Abstract

Porphyromonas gingivalis-induced inflammatory effects are mostly investigated in monolayer cultured cells. The aim of this study was to develop a 3D spheroid model of gingiva to take into account epithelio-fibroblastic interactions. Human gingival epithelial cells (ECs) and human oral fibroblasts (FBs) were cultured by hanging drop method to generate 3D microtissue (MT) whose structure was analyzed on histological sections and the cell-to-cell interactions were observed by scanning and transmission electron microscopy (SEM and TEM). MTs were infected by P. gingivalis and the impact on cell death (Apaf-1, caspase-3), inflammatory markers (TNF-α, IL-6, IL-8) and extracellular matrix components (Col-IV, E-cadherin, integrin β1) was evaluated by immunohistochemistry and RT-qPCR. Results were compared to those observed in situ in experimental periodontitis and in human gingival biopsies.

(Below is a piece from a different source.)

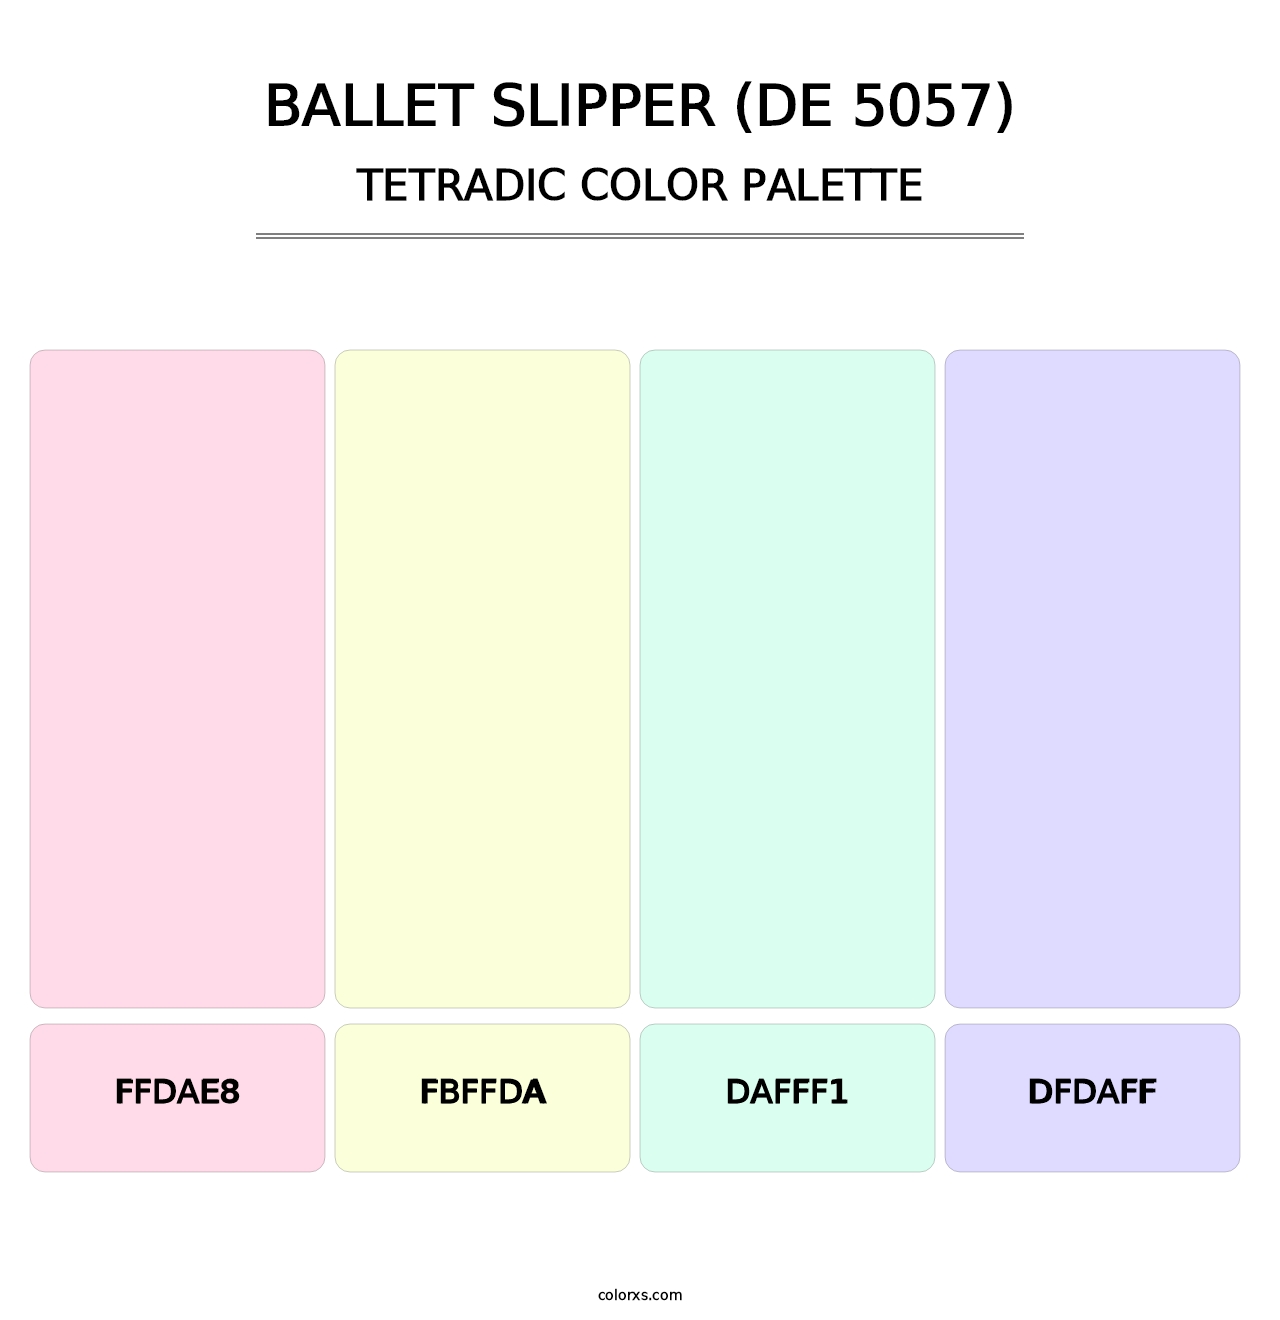 Ballet Slipper (DE 5057) - Tetradic Color Palette

MTs exhibited a well-defined spatial organization where ECs were organized in an external cellular multilayer, while, FBs constituted the core. The infection of MT demonstrated the ability of P. gingivalis to bypass the epithelial barrier in order to reach the fibroblastic core and induce disorganization of the spheroid structure. An increased cell death was observed in fibroblastic core. The development of such 3D model may be useful to define the role of EC–FB interactions on periodontal host-immune response and to assess the efficacy of new therapeutics.

Highlights

  • Host-bacterial interactions are crucial in the onset and development of periodontitis, a chronic inflammatory disease of infectious origin affecting tooth supporting tissues[1]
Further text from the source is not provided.